Plaza Ñuñoa is found in the Ñuñoa commune of Santiago, Chile, located in the eastern part of the city. It is classic meeting place well known for its cultural centers, entertainment venues, restaurants, bars, nightlife, and ice cream stores. Plaza Ñuñoa is also where an alternative music scene fomented.

==Location==

Plaza Ñuñoa is located between Irarrázaval Avenue and Duble Almeyda Avenue and between Jorge Washington street and Manuel de Salas street. The plaza also extends north of Irarrázaval Avenue. The closest metro station is Irarrázaval or Plaza Egaña , neither of which are particularly close to the Plaza. The plaza is accessible on any of the buses that go from the center of Santiago to La Reina commune: 227, 403, 422, 505, 513, 514.

==History==

The neighborhood development began with adjacent lots along Irarrázaval Avenue. The large palm trees on the southern side of the avenue make the plaza visually appealing. When the trolleys started passing through and small shops began to appear, activity intensified in the sector. Plaza Ñuñoa became important at the end of the 1960s, with increased urbanification of the side of the city nearer to the mountains. In carrying out a study about social psychology, memory, and spatiality in Santiago, Chile scholars focused on Plaza Ñuñoa.

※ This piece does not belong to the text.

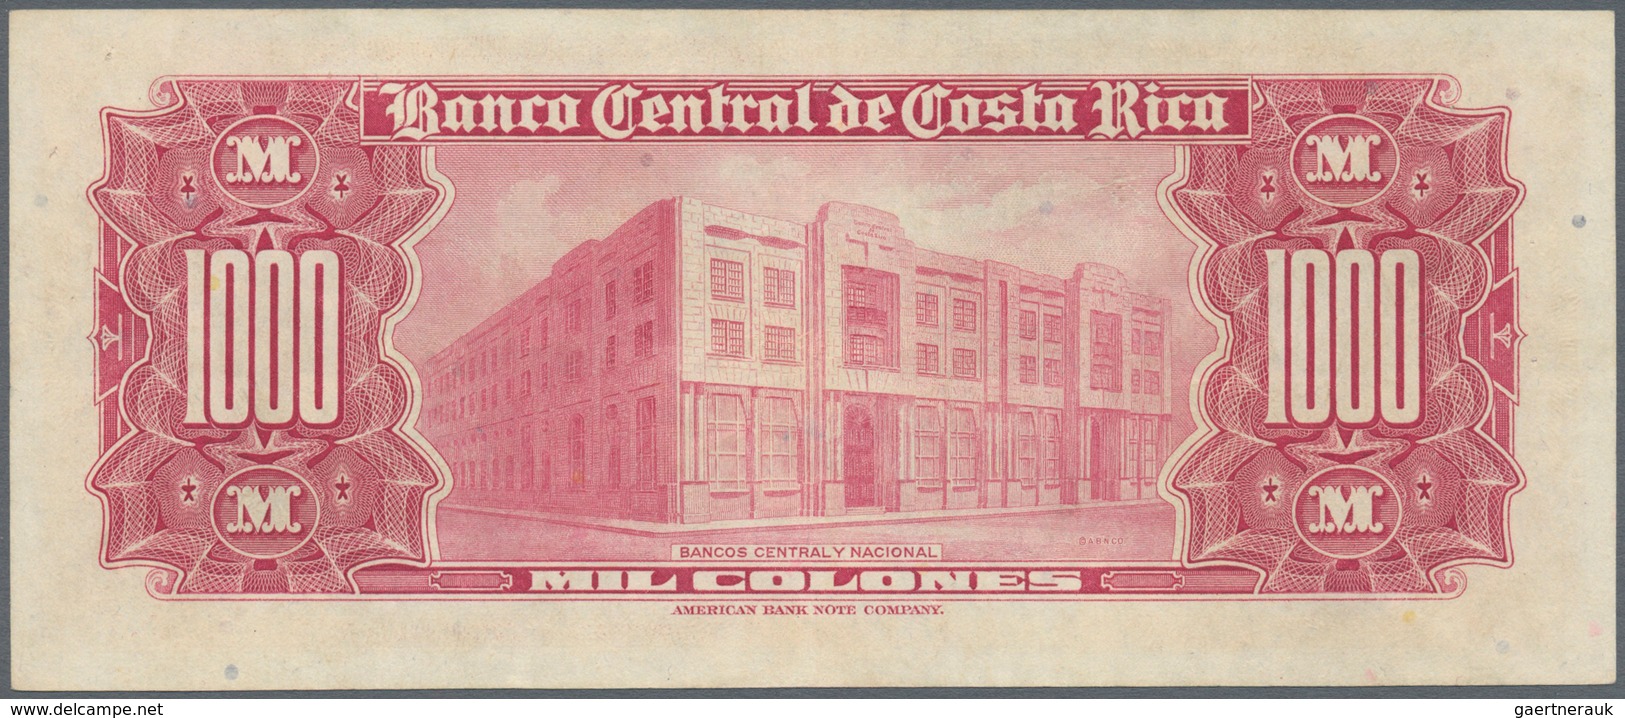 Costa Rica: 1000 Colones 1974 P. 226c, Light Folds And Handling In Paper, No Holes Or Tears, Crispne - Costa Rica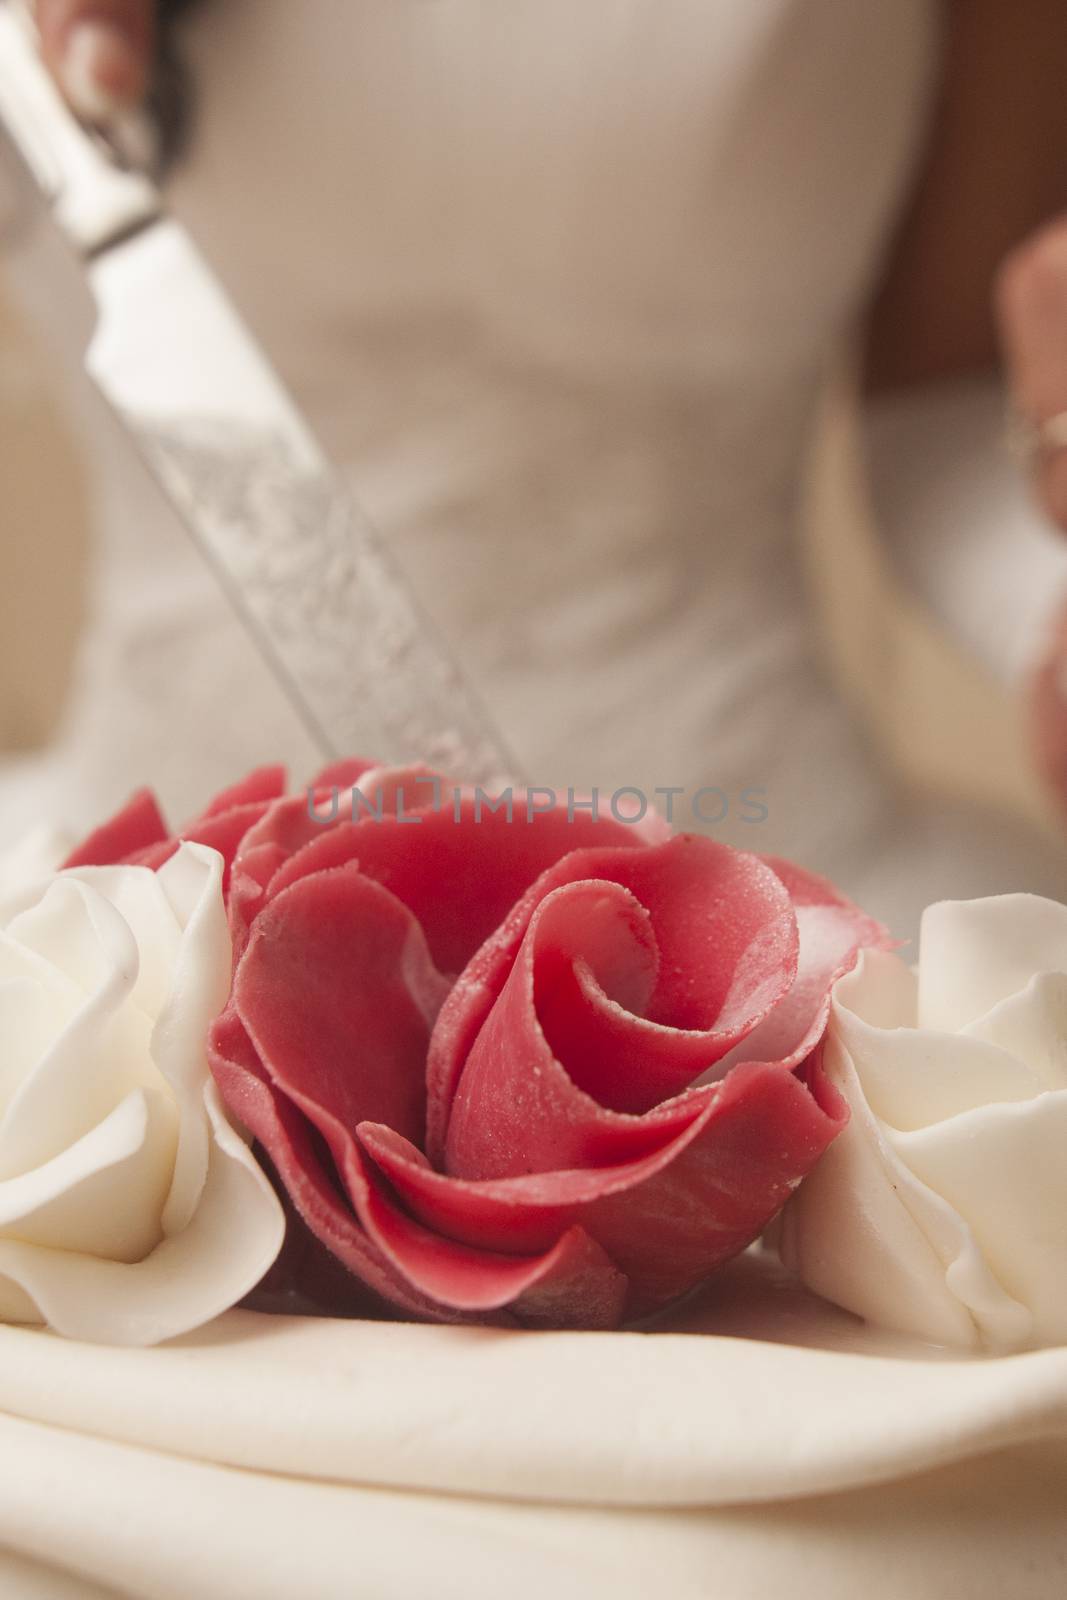 marzipan red rose on wedding cake by johnqsbf

In the 1980s Plaza Ñuñoa became the beer drinking destination of intellectuals and students who frequented bar Las Lanzas, a place that began to be identified as cultural and leftist. There is also a bar and nightclub called La Batuta that provided a location for the burgeoning rock scene in Chile beginning in 1989.

Established at Plaza Ñuñoa in the 1970s, Teatro Universidad Católica, formerly called Teatro Dante, is a theatre on Jorge Washington street that attracts world-class productions.

==Plaza Ñuñoa in literature==

The plaza has provided the setting for numerous Chilean novels, including those by authors such as Dauno Tótoro Taulis, Ramón Díaz Eterovic, Cristóbal Peña, Ricardo E. Rodríguez, Jesús Sepúlveda, Elizabeth Subercaseaux and Carlos Labbé. The novel The Private Lives of Trees, by the Chilean author, Alejandro Zambra, and Juan Villegas Morales' Yo Tenía un Compañero both feature the plaza.